Sus amigos le imploraron que no saliera. Dijeron a los anarquistas que Lobo estaba garantizado por el Gobierno, que no permitirían que saliera, que iban a llamar a la policía. Al final, uno de los anarquistas dio dos patadas en el suelo, blasfemó furiosamente y dijo:

—¡Re... tales! ¡No le va a pasar nada! Lo que pasa es que la vieja, mi madre, se está muriendo y no quiere marcharse al otro barrio sin confesarse con uno de éstos. Es una desgracia para mí, pero ¿qué puedo hacer más que llevarme a éste?

Y el padre Lobo se marchó en el coche con los anarquistas, en una de aquellas madrugadas grises en las que se fusilaba a la gente contra la pared.

Mucho más tarde se fue durante un mes a vivir en las trincheras, entre los milicianos.

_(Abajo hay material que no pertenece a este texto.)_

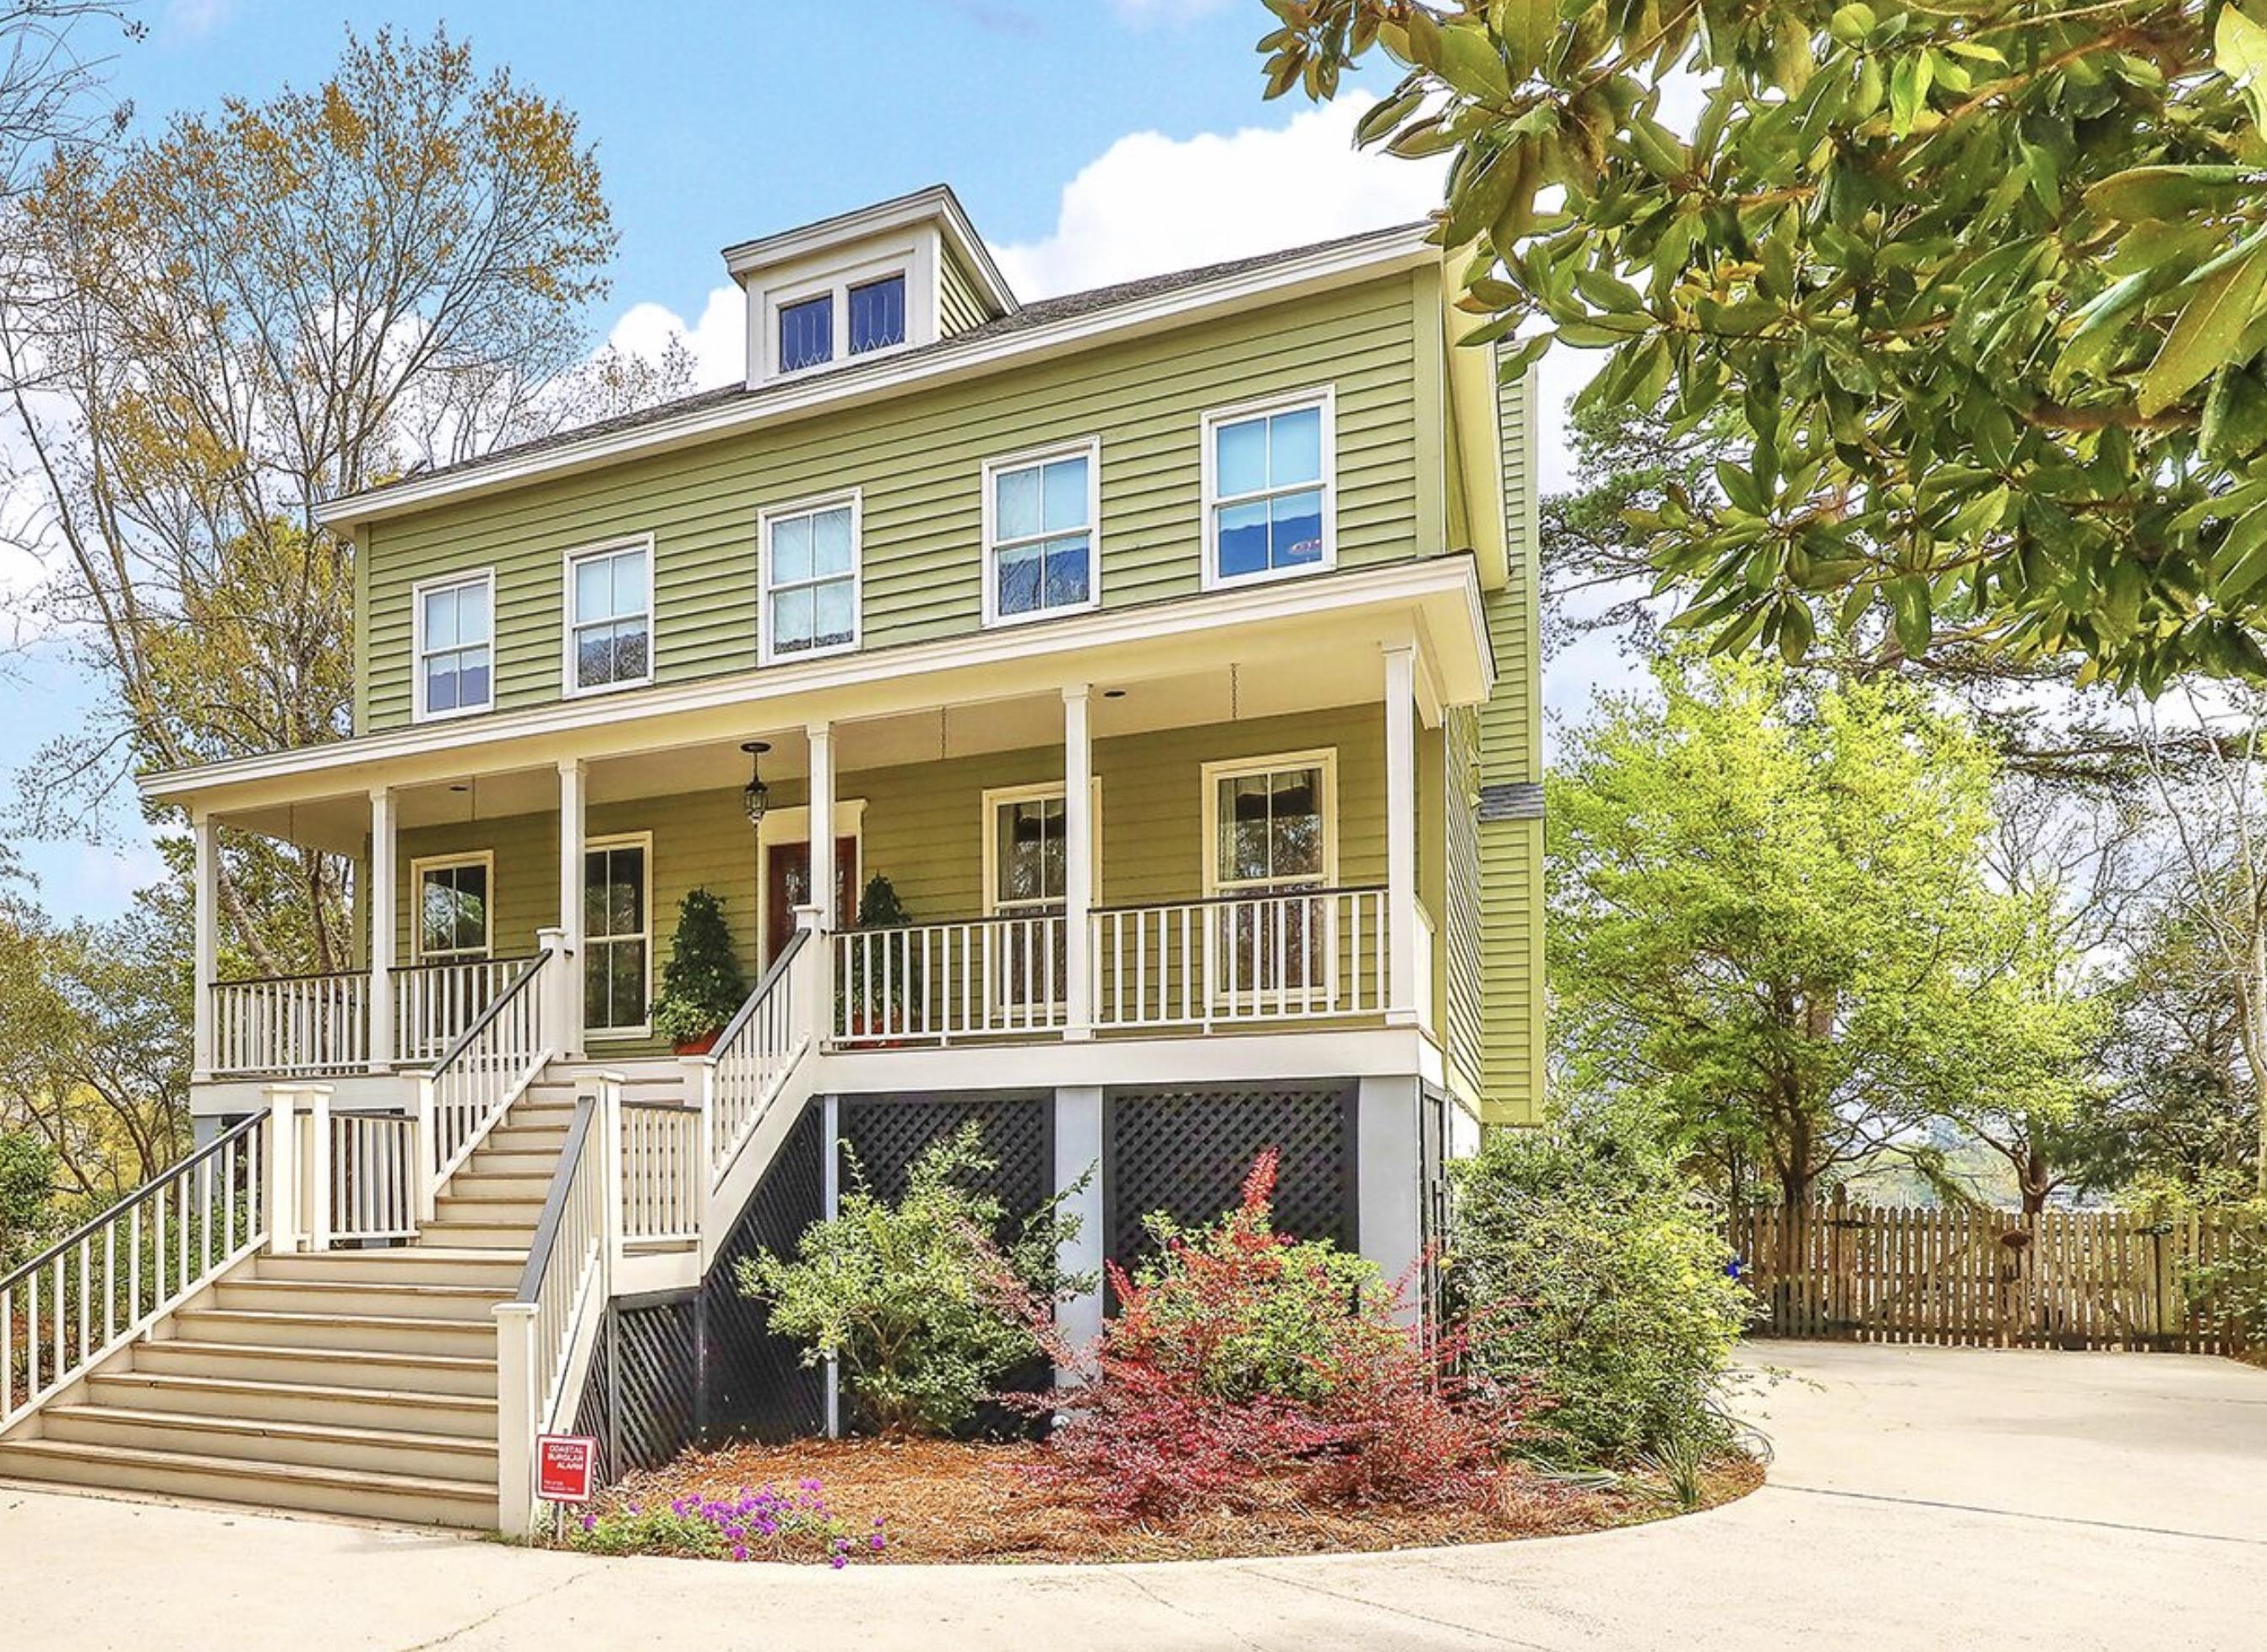 Hidden Cove Homes For Sale - 361 Anchor, Mount Pleasant, SC - 0

Volvió agotado y profundamente conmovido. Muy pocas veces le oí hablar de sus experiencias en las trincheras. Una noche exclamó: «¡Qué brutos, Dios mío, pero qué hombres!».

Tenía su propia batalla mental. Lo que le hería más hondo no era la furia desatada contra las iglesias y los curas por gentes bruta

les, enloquecidas y llenas de rencores, sino el conocimiento de la culpabilidad de su propia casta, la clerecía, en la existencia de esta brutalidad y en la ignorancia y la miseria abyectas que existían en el fondo de ellos. Debía ser infinitamente duro para él el saber que los príncipes de su Iglesia estaban haciendo lo mejor para mantener a su pueblo oprimido, que estaban bendiciendo las armas de los generales y los señores, y los cañones que bombardeaban Madrid.

El Gobierno le había dado una tarea que no era precisamente una canonjía: la de investigar los casos de miseria entre clérigos escondidos. Pronto se vio confrontado con que algunos sacerdotes, cuyo «asesinato» por los rojos se había voceado en todas las propagandas, venían a ampararse en él, sanos y salvos, pidiendo ayuda.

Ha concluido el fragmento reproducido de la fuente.